We can think, however, of some theoretical claims that could be consistent with Fig. 4b. In recognition memory tasks, some researchers have posited that familiarity is somewhat independent of recollection and that familiarity occurs earlier that recollection processes (Rotello & Heit, 1999). One could conceivably construct an experimental manipulation in which there are no familiarity differences between conditions, while there is a recollection advantage for one of the conditions. We suspect that in almost all other applications, the true divergence point will be trivial and that the estimate will lack construct validity. It remains an open challenge for proponents of the DPA to show that non-trivial true divergence points are plausible.
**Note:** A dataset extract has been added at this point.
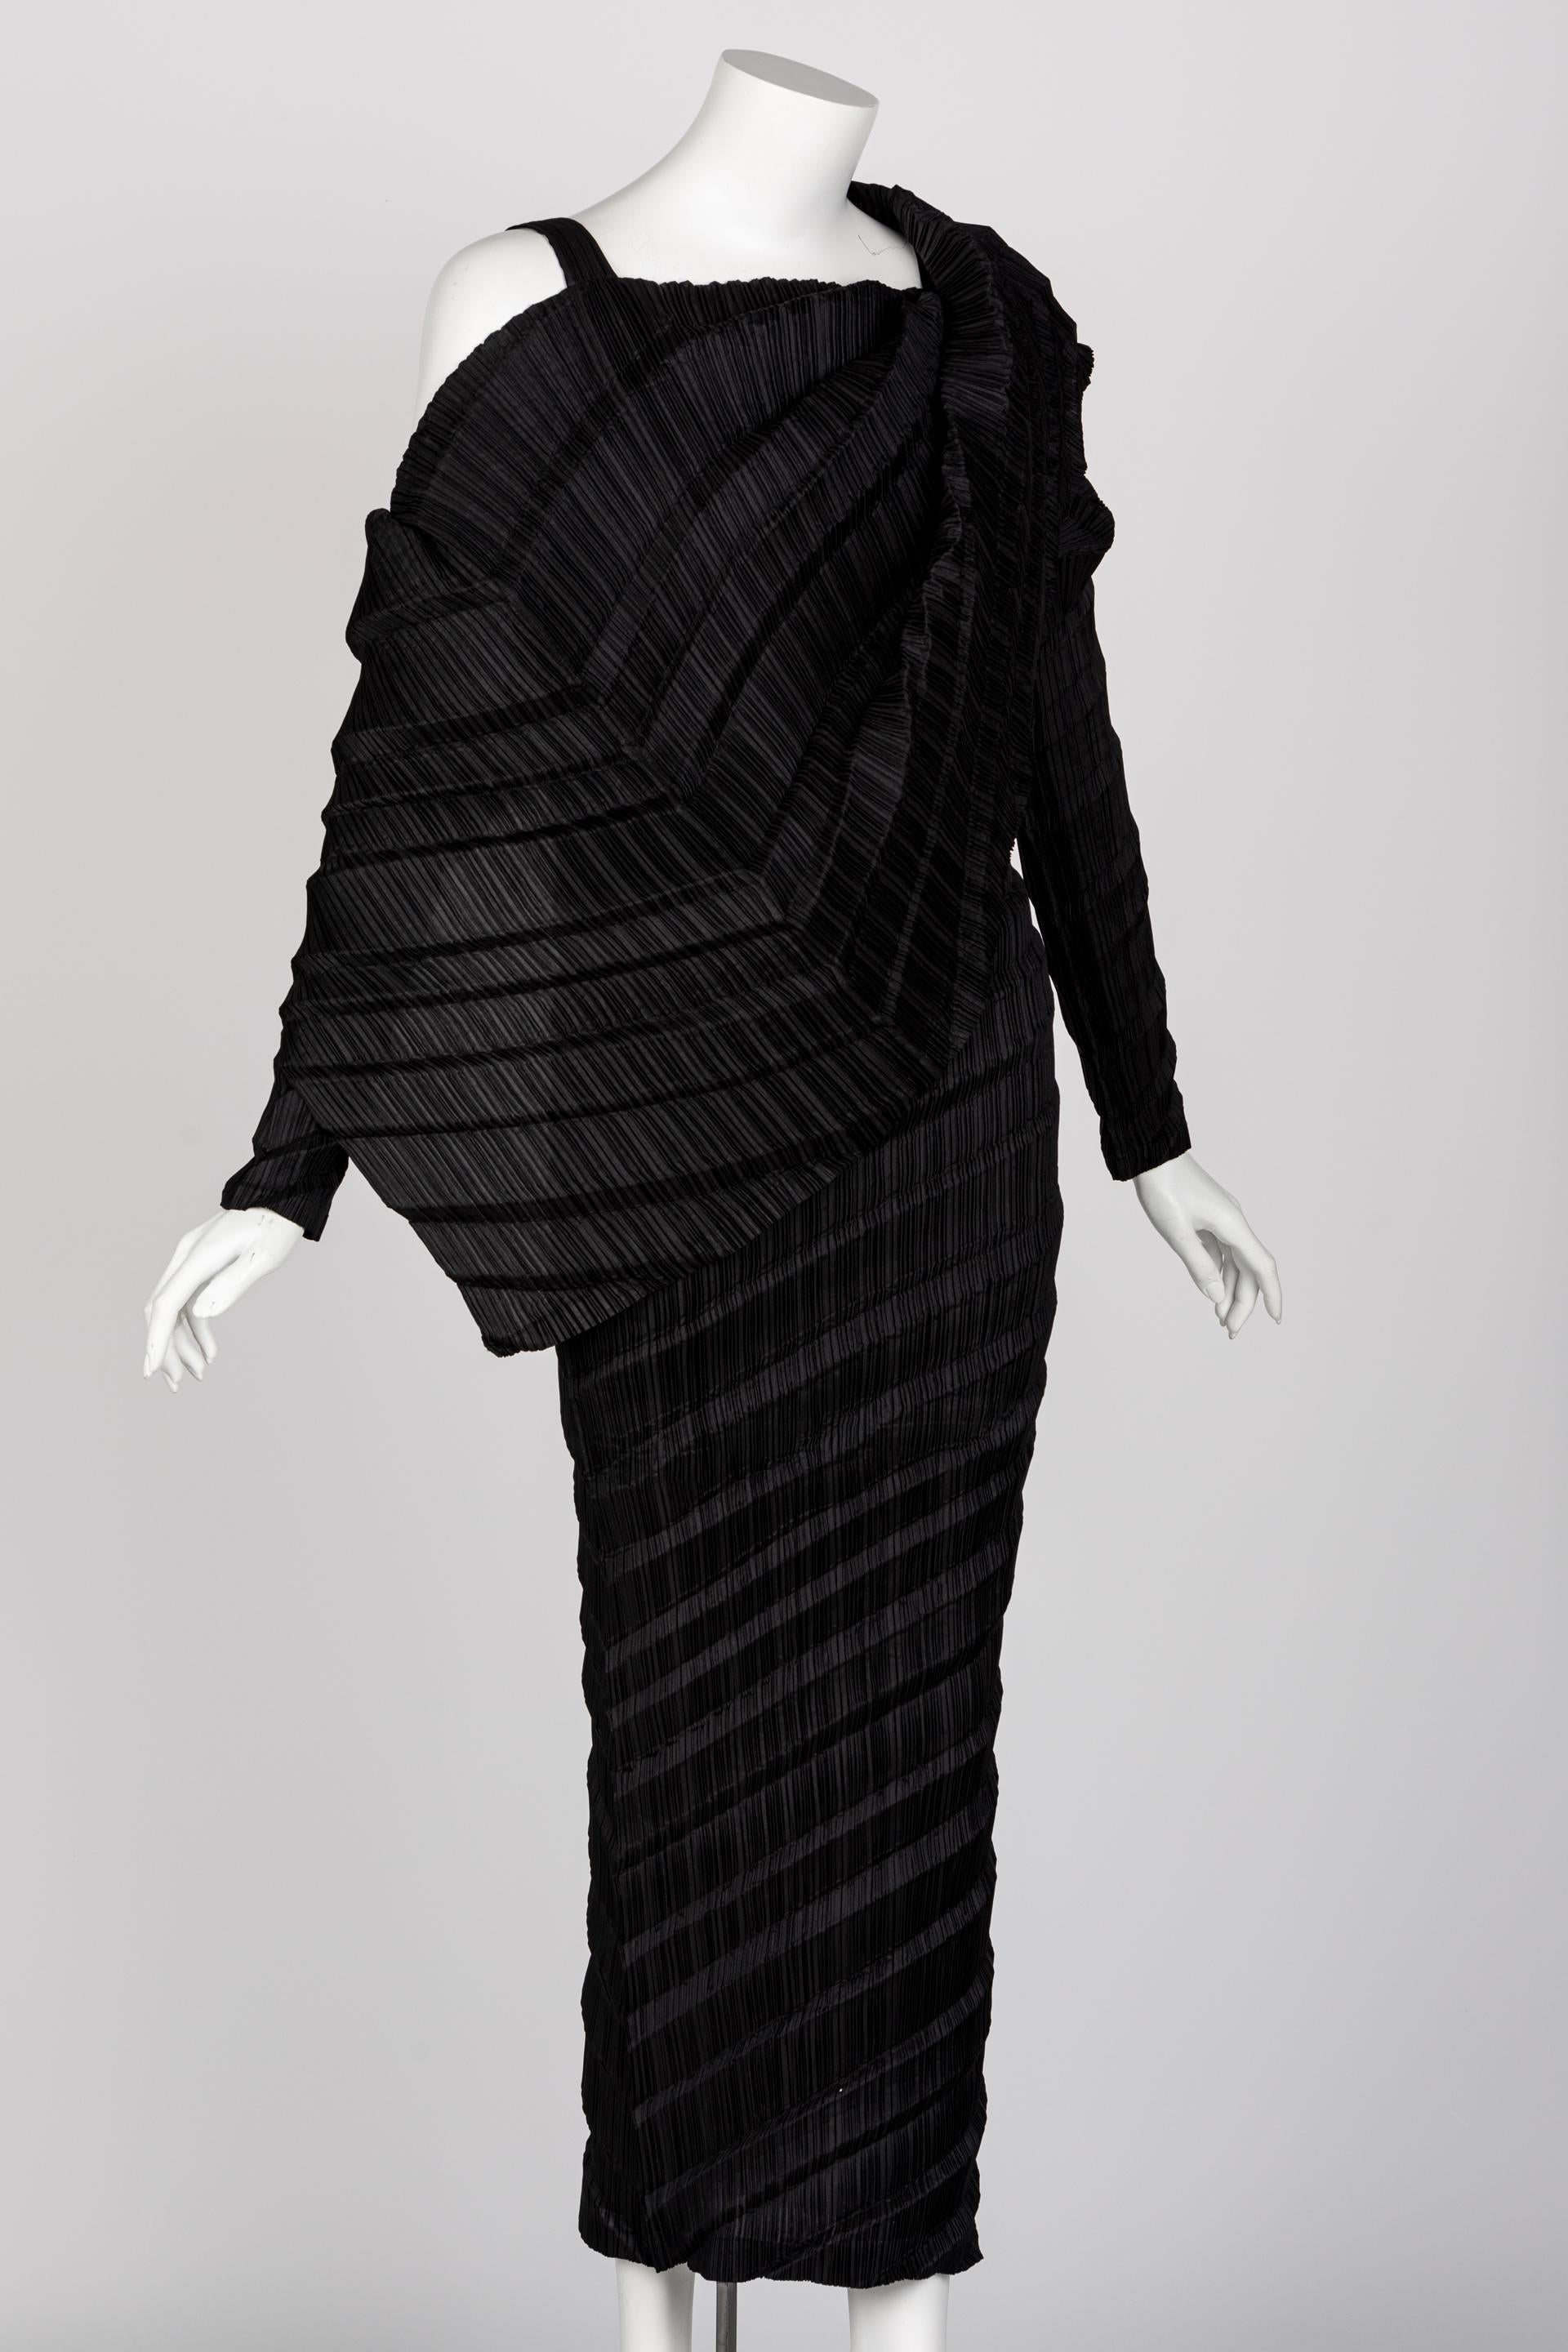 Issey Miyake Black Pleated Sculptural Dress, 1990s 5

Statistical properties of divergence point analyses

In the previous section, we made a case for more in-depth scrutiny of the construct validity of DPA; in this section, we describe some problematic statistical properties that emerge from the lack of construct validity. First, we analyze the behavior of the DPA under the assumption of a null effect; then, we examine two scenarios that have been reported in the literature and appear to yield non-trivial divergence points.

Spurious divergence points

The lack of construct validity of DPA manifests itself as poor statistical properties that take slightly different forms depending on the specific implementation of the method. It is important to emphasize that we believe that these statistical issues are a consequence of the lack of construct validity in the method.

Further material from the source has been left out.